As a D3EM fellow, I feel it is necessary to compliment the D3EM curriculum because I have benefited from D3EM significantly. However, I also feel it is necessary to give an honest and unbiased opinion on D3EM as a whole. Below is my opinion on each aspect of D3EM.
MSEN 655 – Materials Design Studio:
A capstone project course to solve a research problem with and interdisciplinary approach. The course covered the materials-as-designed-system (Olsen), sampling methods, robust design, and multi-objective optimization.
The project chosen was to use machine learning to predict material properties of shape memory alloys given a large experimental database. This course is, in my opinion, the most valuable and important course to the D3EM curriculum. It teaches students the value in everything they have learned in other courses by allowing the student to work on a research project with an interdisciplinary approach to the problem. Without this course, the curriculum would look like every other “multi-disciplinary” curriculum in that the courses are disconnected from each other. The materials design studio is the “glue” of D3EM. I feel the course material and lectures are overshadowed by the project and unless I immediately applied a lecture to my project, the material wasn’t revisited. Luckily, most material in this course is able to be applied to the project.
MSEN 689 (II) – Materials Informatics:
Introduction to machine learning concepts such as LDA, kNN, deep learning with images using CNNs, and more.
This course was a great supplementary course to my research. Learning about machine learning from a professor in Electrical Engineering department also gave me a better perspective on the applications outside of materials science. However, if I were not doing any artificial intelligence or machine learning based research, this course may have been more difficult and much less enjoyable. I believe the professor was great and the assignments were very good for allowing students to dip their toes into the great sea of data analytics. I personally feel there should be two courses dedicated to data analytics and artificial intelligence.
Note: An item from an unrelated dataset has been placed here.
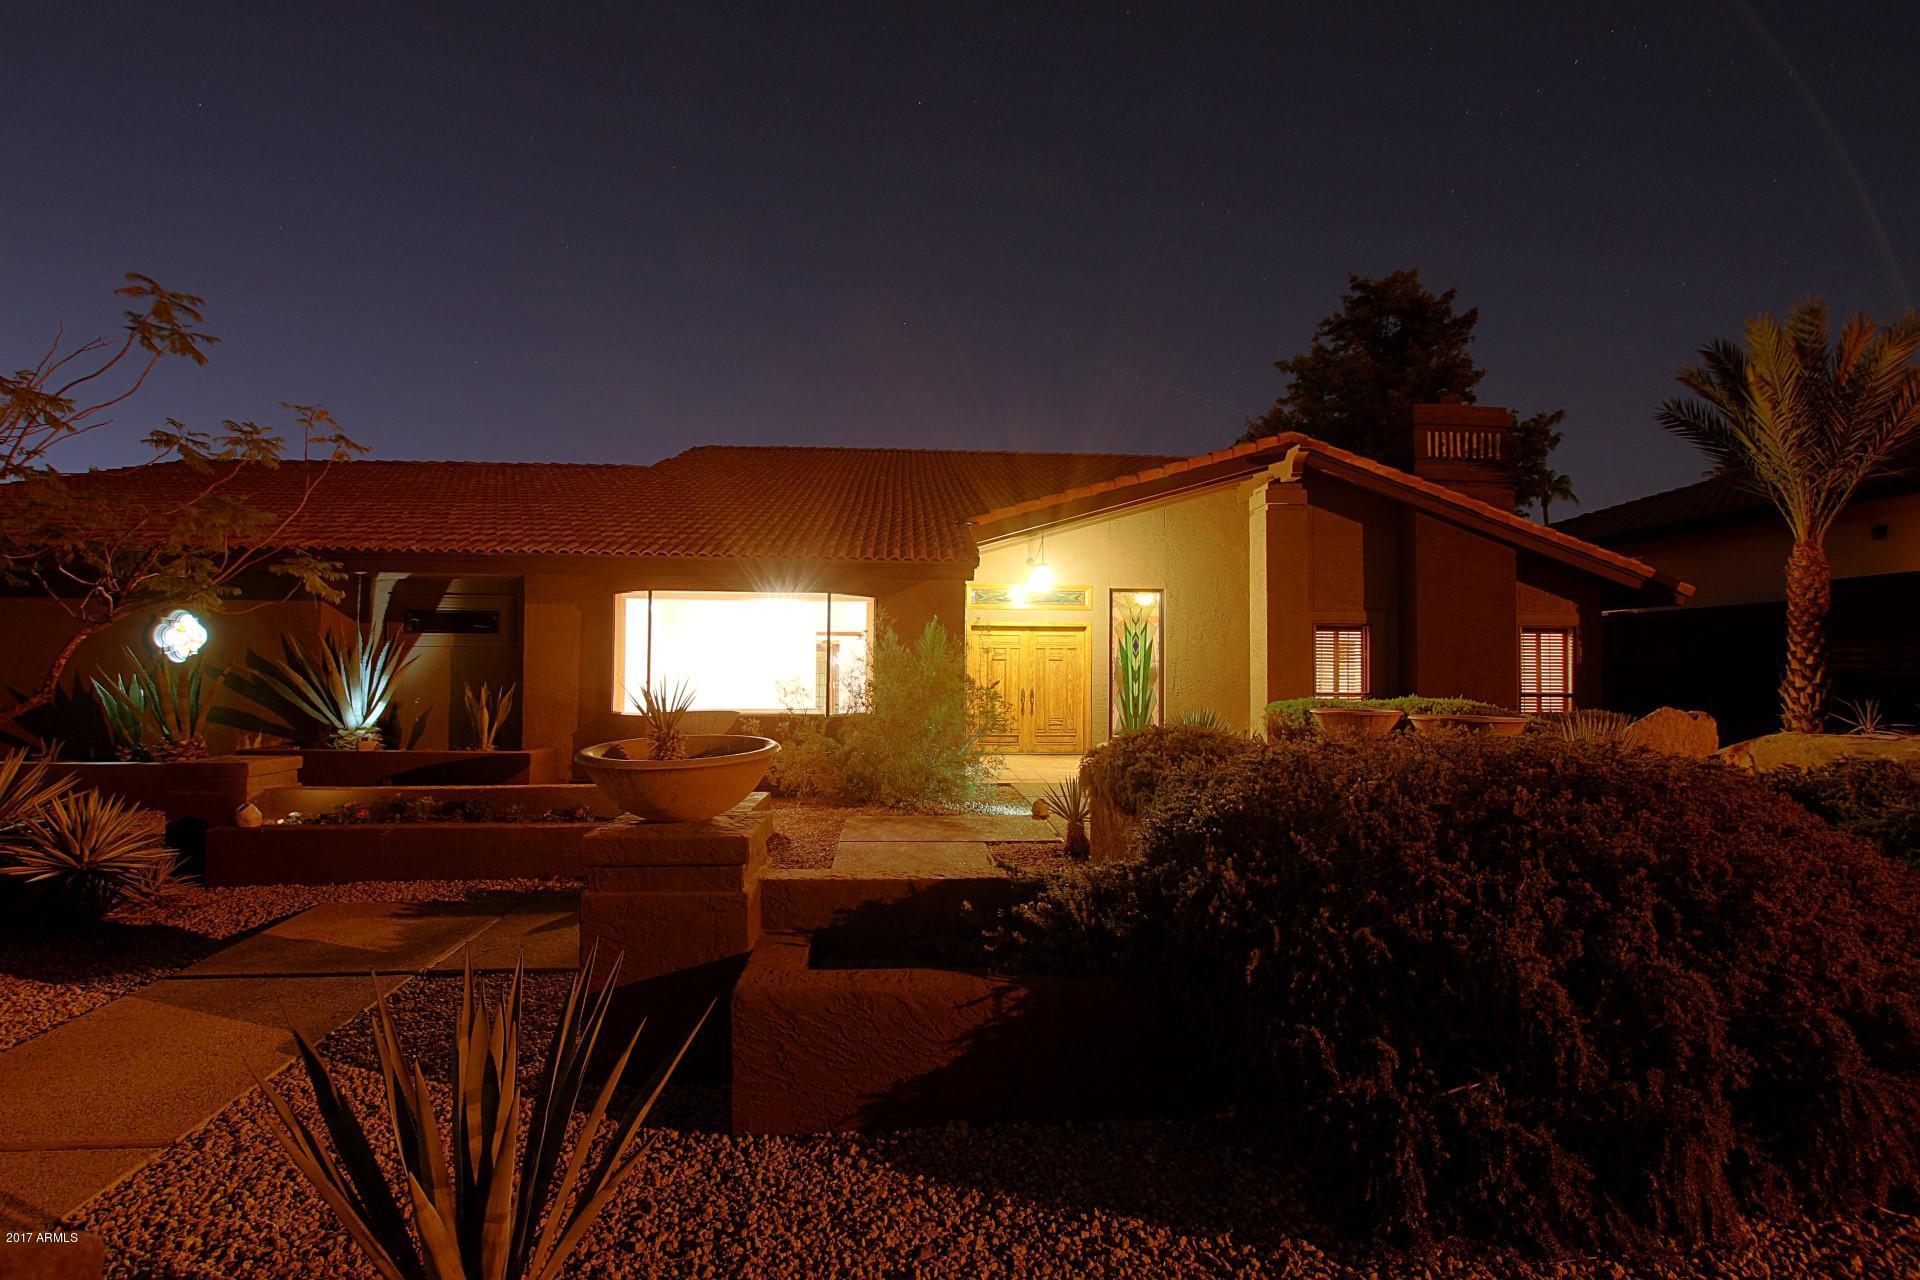 MLS 5666418 1202 W DAHLIA Drive, Phoenix, AZ 85029 Phoenix AZ Moon Valley
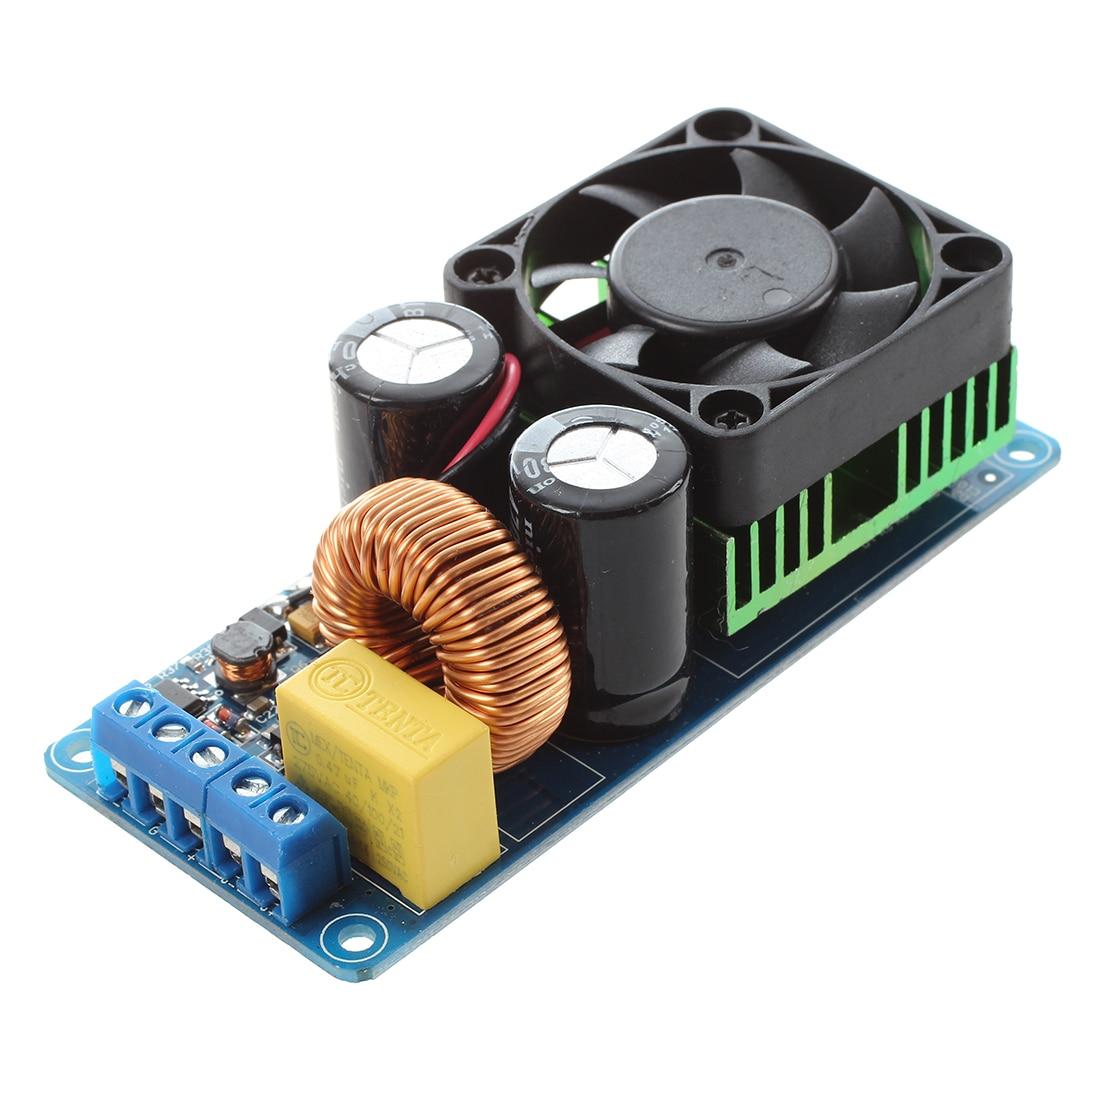 IRS2092S 500W Mono Channel Digital Amplifier Class D HIFI Power Amp Board with FAN irs2092s 500w mono channel digital amplifier board class d hifi power amp board digital amplifier module high quality

One could deal with classification and regression problems (and basic statistics) and the next course can deal with unsupervised learning, neural networks and deep learning.
MEEN 601- Advanced Product Design:
In this course, we learned about Pareto fronts and multi-objective optimization for design.
The project my team and I participated on was biomechanical energy harvesting. In particular, we wanted to design a device that would have high energy output and was lightweight for military applications. This course was one of my favorites in content, but one of my least favorite for the project. The course is very well structured and the professor was very enthusiastic about the material he was teaching. The project portion of the course rapidly became a challenge. Whenever there is an interdisciplinary project between students (6 different students with a wide variety of backgrounds) it is harder to tell who is not contributing. It was disappointing because the project idea was so interesting and we could have delivered more. If I took the course again, I would have went with the minimum number of students for the group because communication would have been much easier and roles would have been easier to define.
Coffee talks are a way of bringing the D3EM students and faculty together to discuss various topics. The students would vote on the topic they were interested in and often a guest speaker or faculty member would come discuss the topic. I enjoyed getting to meet with other students and faculty that all share similar interests as myself. Many of the topics were very interesting and we all got to share different apps, sources, and tools we use to get through everyday life in academia. We had some talks on job applications which were extremely useful. However, there were some talks in which I would have rather skipped. Although I value opinions and ideas from everyone in the D3EM community, some topics were too personal while others were completely unrelatable. Also, I found myself sometimes not wanting to give any input out of fear it might be invalidated by someone. Topics such as work-life balance, organization, and networking are not one size fits all. Instead of discussing these topics, I think it would be more beneficial to discuss topics that have a less controversial answers such as tools for writing or learning.
The learning community was one of my favorite parts of D3EM. The learning community felt like I was being given tools of the trade from experts in networking, learning, and communication. These sessions were the closest that you can get to cheat codes for life. Such a seamless implementation of the lecture material into daily routine is what makes the Learning Community so valuable. Once you learn “the trick”, seemingly difficult tasks seem more much more manageable.
The writing community has to be the most valuable part of D3EM. As a graduate student, it is imperative to write and write well. Often times the hardest part of writing is starting. This community makes you to feel accountable to produce words, paragraphs, and eventually pages every week to make sure you stay on top of your writing. The structure, technicality, and throughput of my scientific writing has improved because of this writing community.